**Task instructions**. Give back all of the data exactly, with every picture omitted.

**The data**.
##########
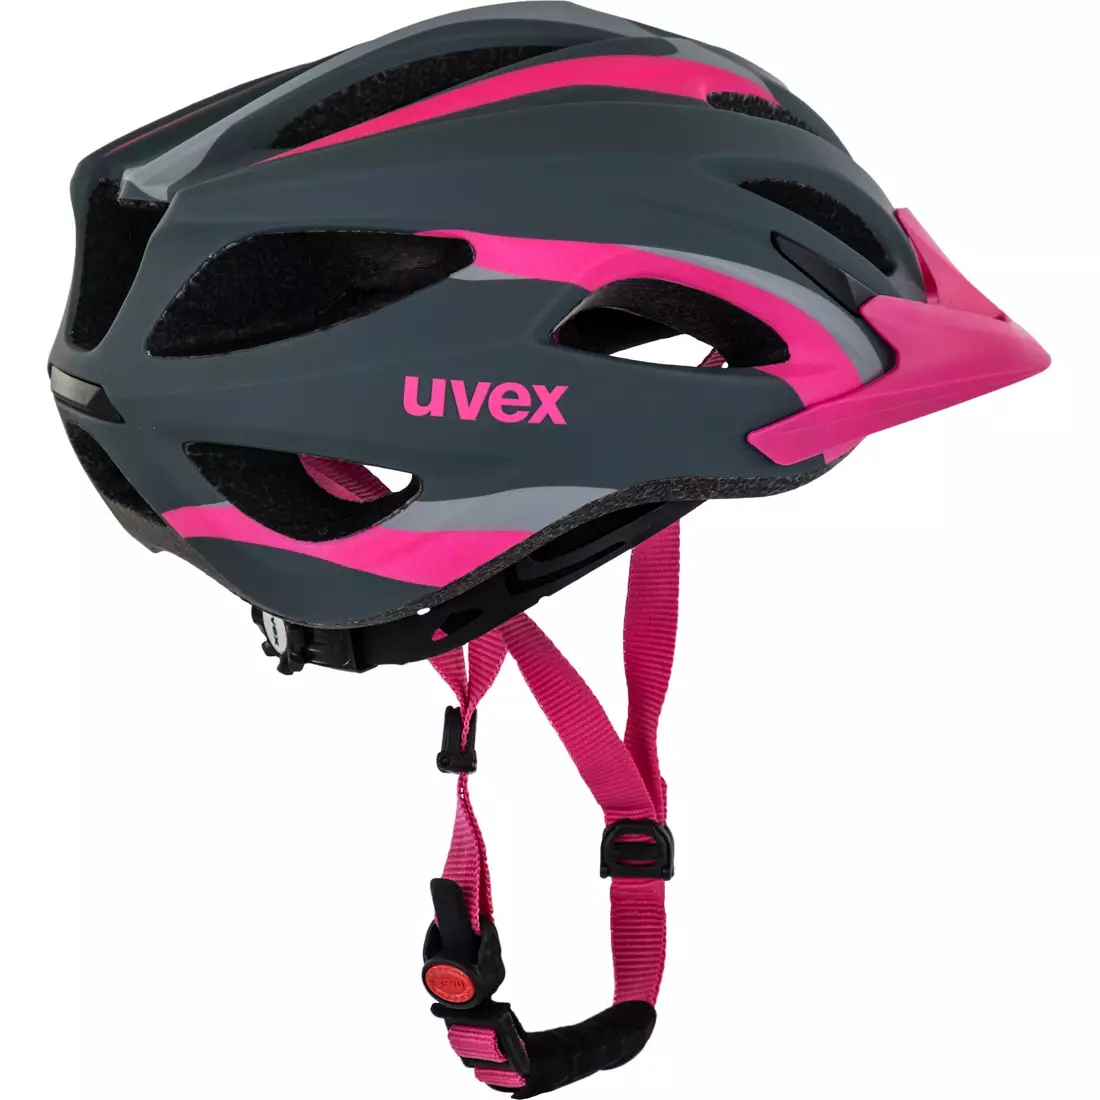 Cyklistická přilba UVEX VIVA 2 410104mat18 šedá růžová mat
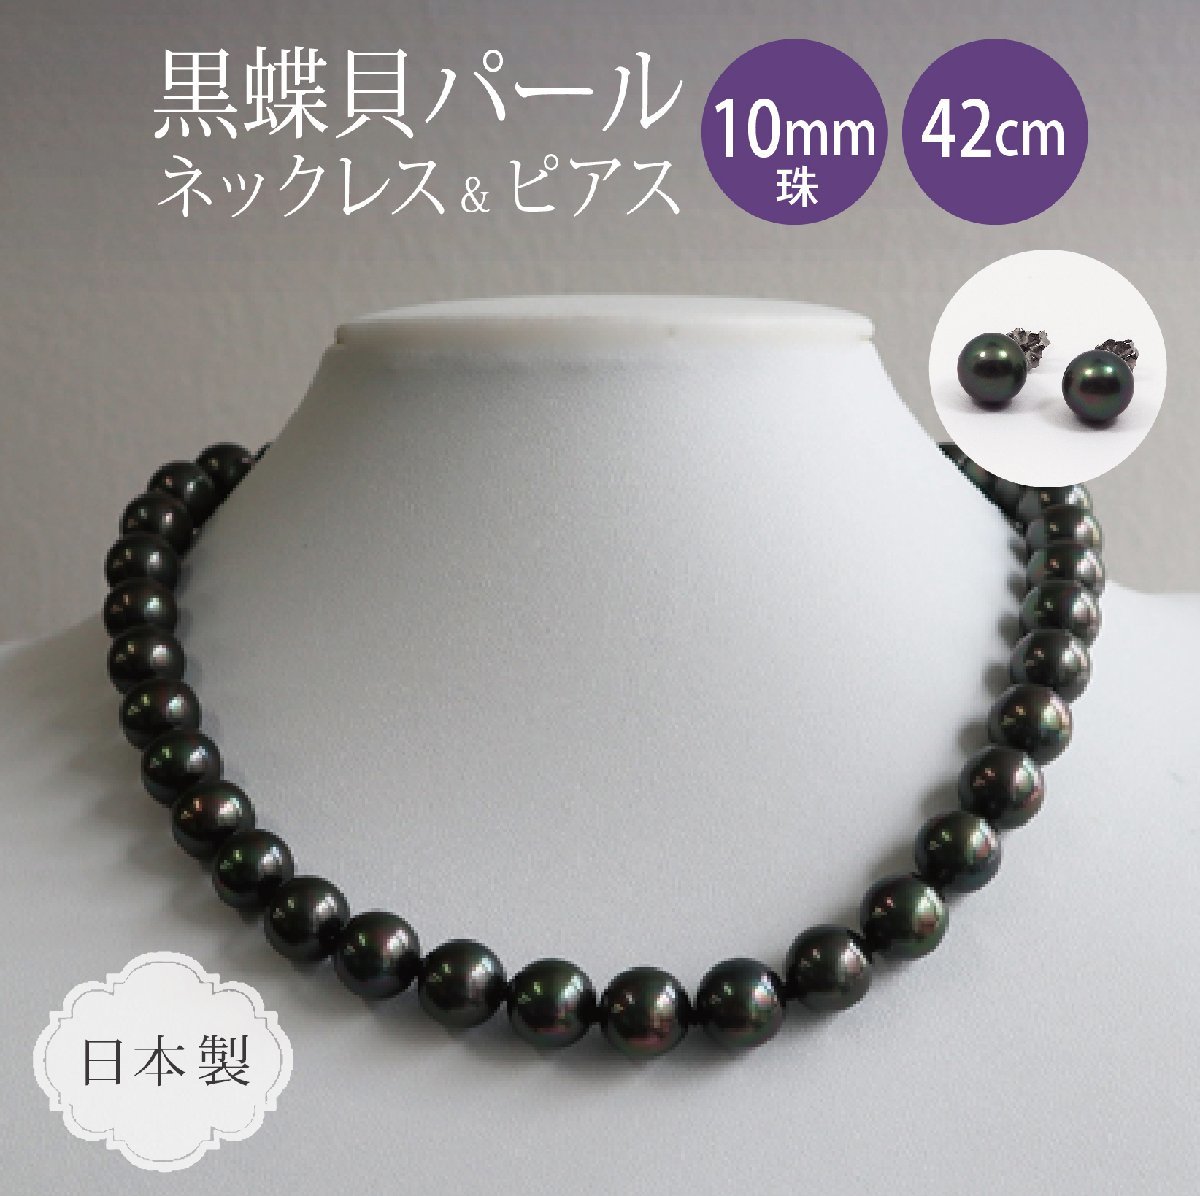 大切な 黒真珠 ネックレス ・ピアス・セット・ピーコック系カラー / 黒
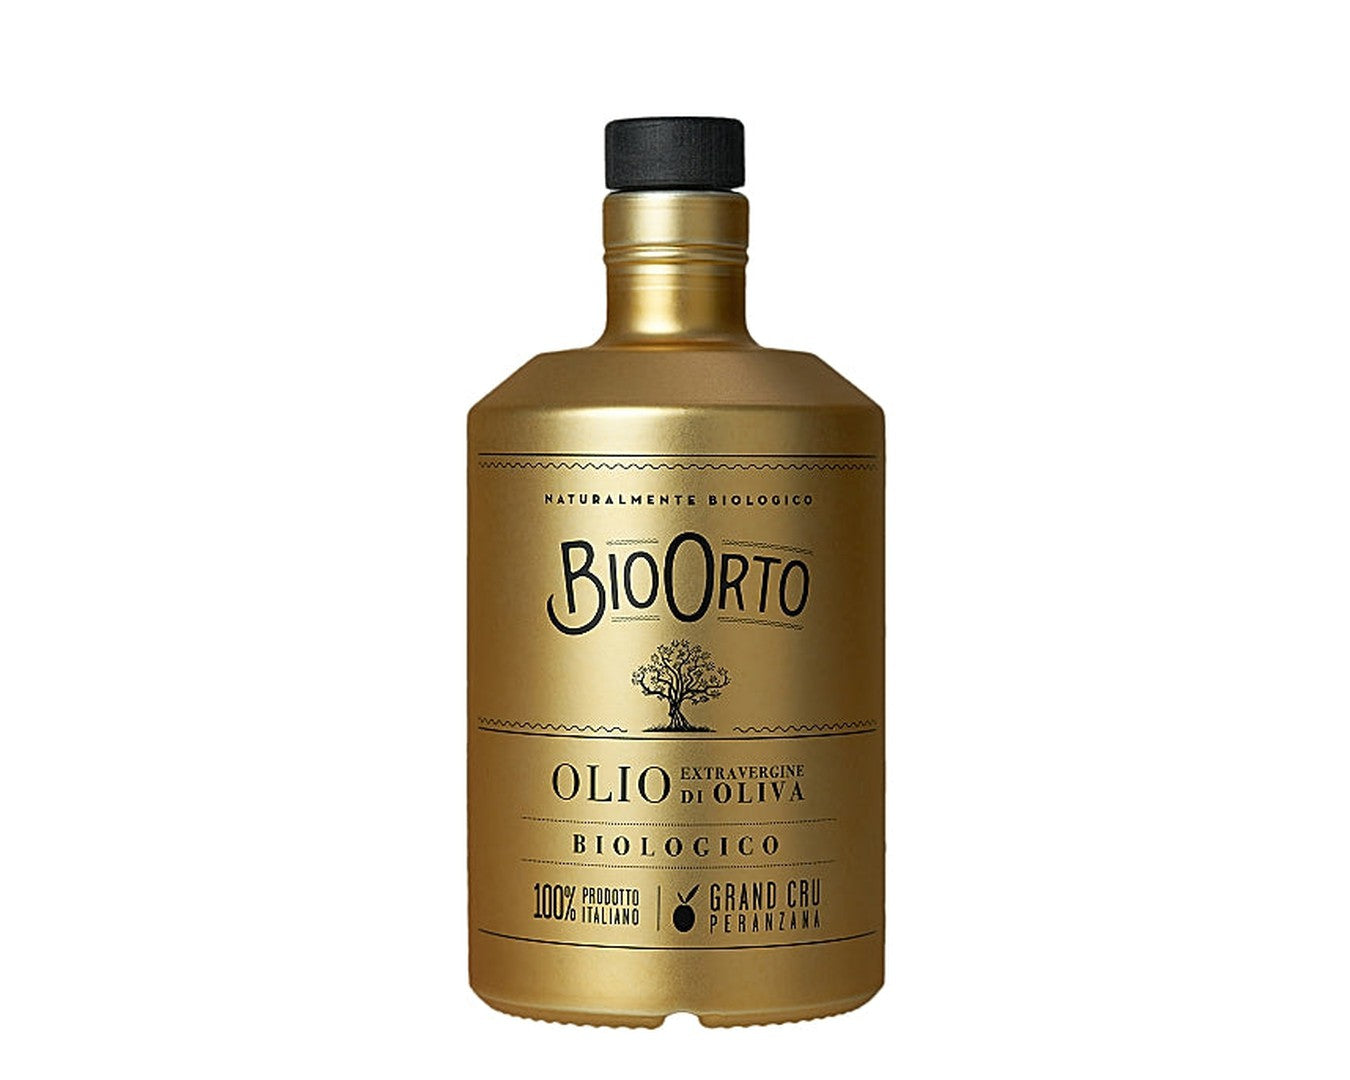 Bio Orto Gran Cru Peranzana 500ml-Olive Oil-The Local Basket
##########
**Solution for this problem**.
 Cyklistická přilba UVEX VIVA 2 410104mat18 šedá růžová mat
 大切な 黒真珠 ネックレス ・ピアス・セット・ピーコック系カラー / 黒
 Bio Orto Gran Cru Peranzana 500ml-Olive Oil-The Local Basket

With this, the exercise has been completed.